Шаляпин отступился. Но неделю спустя снова старое помянул.
– Отец, – спросил он, – ты для чего у матери куделю рвал? Там шерсти-то было – нам на чулочки. А ты…
– Должность такая, – гулко откашливаясь, произнес Роман. – Для государства. Одного пожалей, другого, а государство…
– А у тебя на подловке тридцать тюков, это чья? – осмелился Шаляпин.
– Моя, сукин сын! – не выдержал Роман. – Я сколь овечек держу, не видишь!
Овечек Чакалкин держал по многу. Но Шаляпину все казалось, что там, в тюках, и та, слезная, мамкина шерсть.
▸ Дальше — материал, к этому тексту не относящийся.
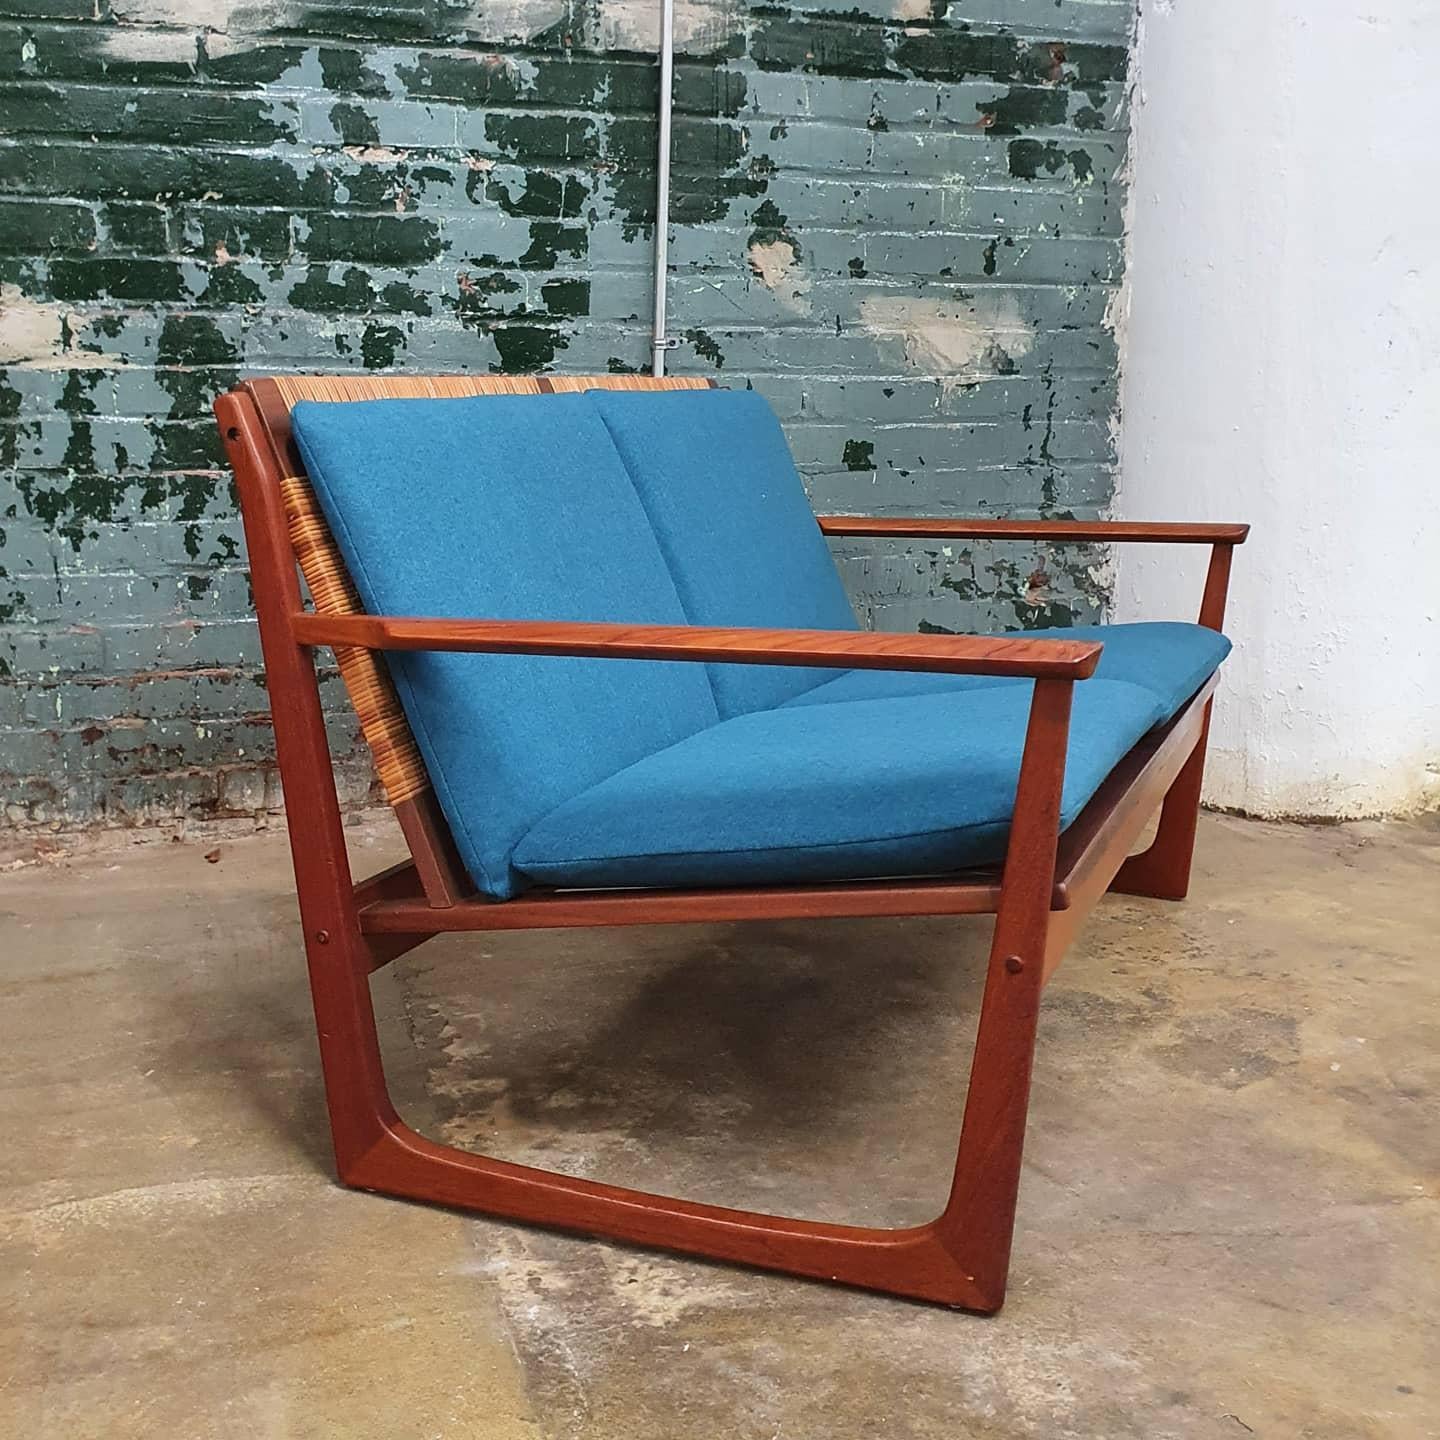 Magnifique canapé en teck danois de Hans Olsen. Nouvelle tapisserie en laine sarcelle. les cordes du siège ont été remplacées. dossier de siège en canne nouvellement tissé par un canneur professionnel. Cette chaise est une pièce confortable qui

А однажды придумал Шаляпин и вовсе несуразное. Вошел он в дом и сказал:
– Там, отец, плотники гвоздей принесли, ведро. Бутылку просят, похмелиться.
– Конечно, забирай.
Бутылку Шаляпин унес. А ведра гвоздей Роман не мог найти. А когда спросил, то пьяненький Шаляпин ответил ему:
– Это государственные были гвозди. Я их государству. А то вы у государства, – погрозил он пальцем.
Что с пьяным толковать.
А выпивать Шаляпин стал чаще и чаще, к домашней работе охладел, дичился семьи и, пьяный, то и дело к Роману приставал с разговорами.
– Скажи, отец, почему…
Роман поглядел-поглядел, а потом решил: «Не к шубе рукав». И посадил Шаляпина в один мах. Сел с ним как-то вечером выпивать, потом, когда кончилось питье, вроде шутейно сказал:
– Возьми в магазине, делов-то. Завтра рассчитаемся, баба своя.
Продавщица Зинаида была и вправду для Романа своей. Пьяный Шаляпин пошел, словно бычок, и сломал в магазине запор, забрав пять бутылок водки.
Дали ему три года.
Ах как страшно там было, в неволе, в северной стороне. Среди чужих, одному… Как горько, как скверно, как тягостно… Шаляпин пытался бежать и хотел удавиться, но Бог его сохранил и вывел живым.
Он вернулся на хутор, пришел к тестю и спросил:
– За что ты меня? Такую казню…
Роман был спокоен, холоден, и глаза его желто светились. И ответил он коротко:
– Неука учить надо. – И добавил пространнее, уже порешенному: – На моем базу тебе места нет. Я обговорил, иди на хутор Тепленький, живи и работай. Алименты хорошие плати. И не рыпайся. Тронешься с места, упеку – не вылезешь.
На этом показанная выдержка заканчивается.